Vetting The Security Of Cloud Service Providers
A registry offered by the Cloud Security Alliance allows customers to compare the security measures of participating service providers. Is that enough to make cloud more secure?
A major step in selecting a good cloud provider is researching and comparing the security measures that each provider uses to keep its customers' data safe.
Today, conducting due diligence requires contacting each potential provider to gain access to independent audits and security assessments, possibly requiring the signing of a nondisclosure agreement. The process can be onerous: A company considering a handful of cloud vendors has to request the security information from each, translate their internal documents into a common language, and then compare the security specifications.
"They will look at six different companies, and they will get different controls, different issues that have been identified," says Jon Heimerl, director of strategy for Solutionary, a managed security services provider. "There will be a lot in common, obviously, but things are phrased differently and built differently between all those companies."
To tame the confusion, the Cloud Security Alliance launched the Security, Trust and Assurance Registry (STAR) to give potential cloud customers a central database from which they can compare providers' security assertions. Participating providers submit their answers to a self-assessment questionnaire, attesting to the security controls and monitoring that they have put in place to protect customer data.
While only four providers, including Solutionary and Microsoft Office 365, have submitted self-assessments to date, a much larger number are currently working through the documents, according to the Cloud Security Alliance (CSA).
"It should create a little bit more competition to make security part of the differentiation between services," says Jim Reavis, founder and executive director of the CSA. "I think by the end of this year, we will have a very complete set of providers on the site."
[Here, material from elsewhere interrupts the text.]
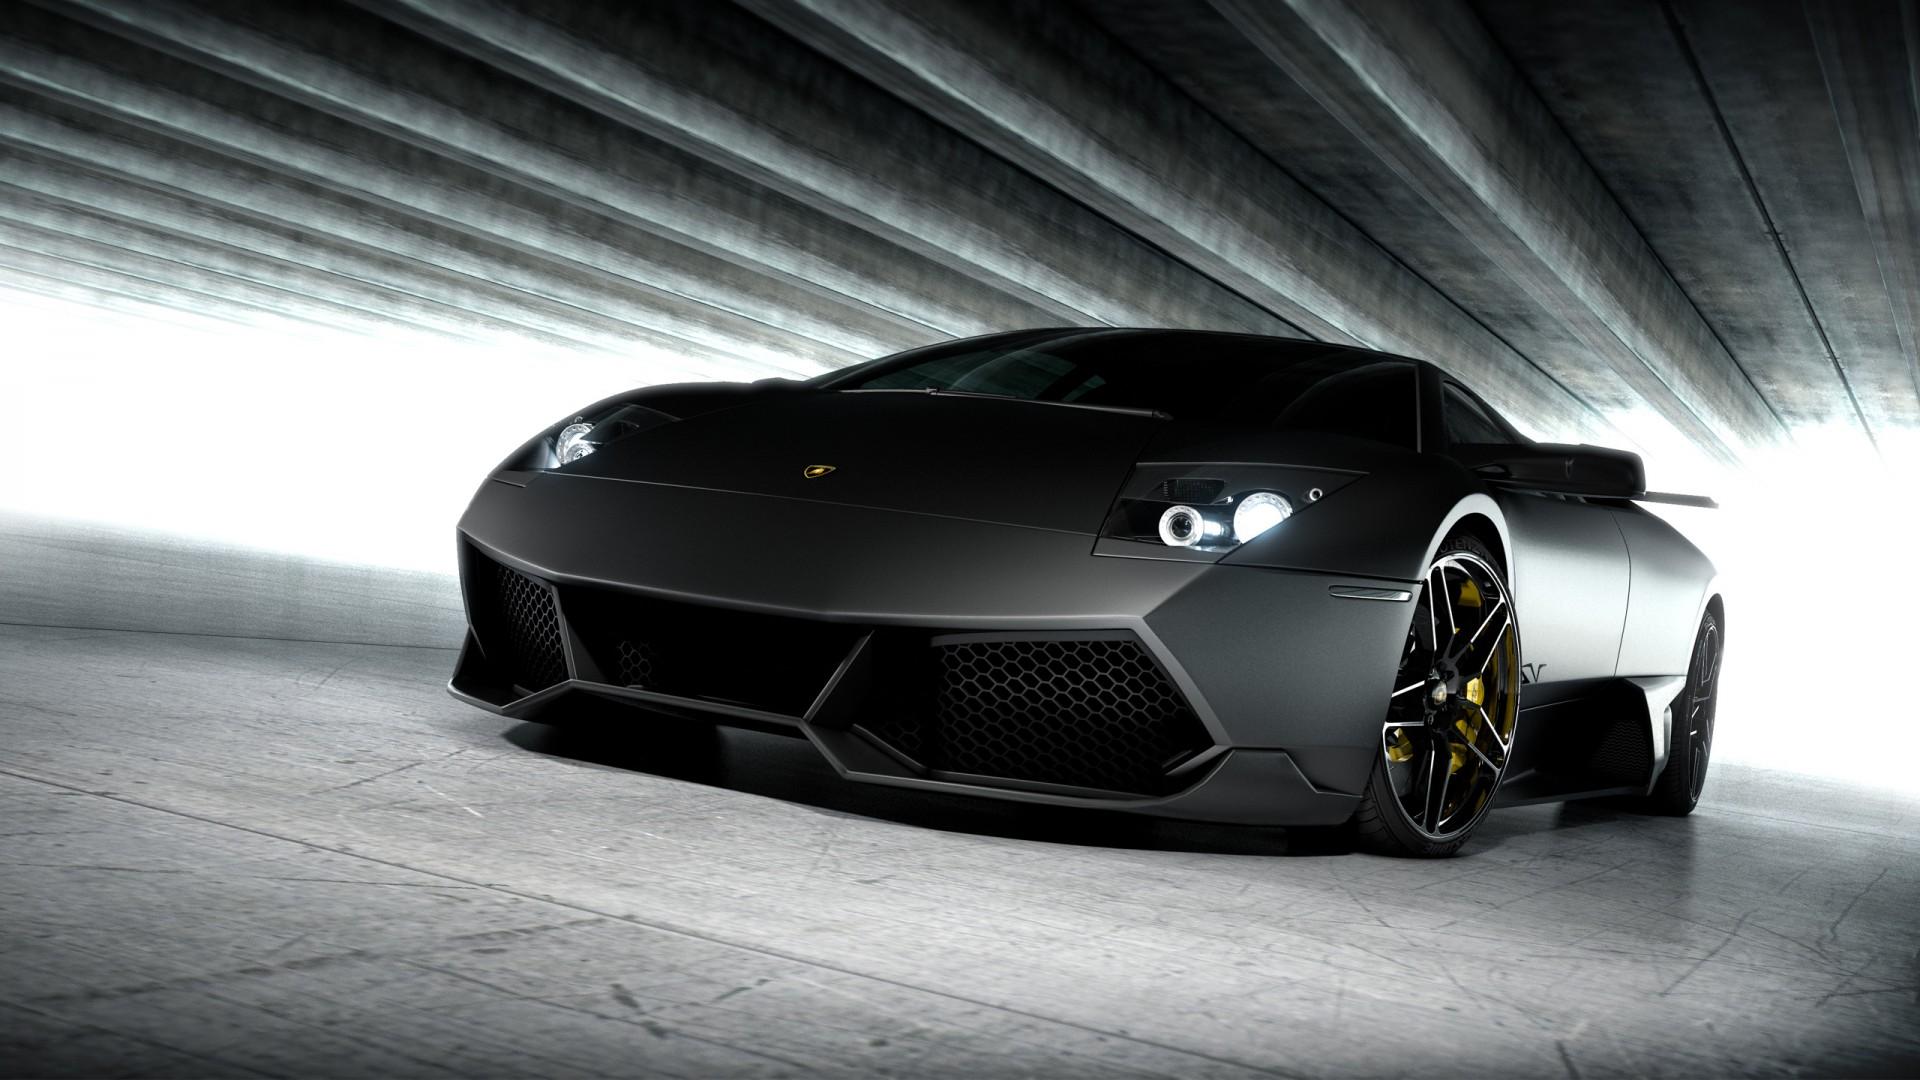 Lamborghini Murcielago 4 Wallpaper | HD Car Wallpapers | ID #5143

Using the service gives customers a way to compare providers' security rather than requesting an audit. Last year, a Ponemon Institute study found that 69 percent of providers placed the responsibility for security with their customers, while only 35 percent of customers believed they needed to worry about data security. Yet most cloud service providers will not allow most clients to audit their security because they cannot accommodate a large number of such requests.
"Allowing potentially thousands of customers to audit our services would not be a scalable practice and might compromise security," says Tim Rains, director of Microsoft's Trustworthy Computing group.
But the company understands that before committing their data to the cloud, companies want to know that their provider will treat their sensitive information in accordance with their governance and compliance requirements. For that reason, Microsoft supplied one of the first self-assessments to the STAR program.
"Cloud providers that provide potential customers with an appropriate level of transparency will go a long way in building their trust," Rains says. "Not only does this include how a vendor's online services are being operated, but also how those online services are being developed."
The 50-page document covers compliance, governance, physical-security measures, human-resources security, and a variety of information-security policies. The information requested by the CSA questionnaire is based on the efforts of working groups within the CSA and brings together customer and vendor concerns, says Solutionary's Heimerl.
In the end, Solutionary and others hope that potential customers will use the list to find companies whose security practices match their requirements.
"Customers now ask, 'How am I going to find out where the good cloud providers are in this space?'" he says. "The registry will become the short list."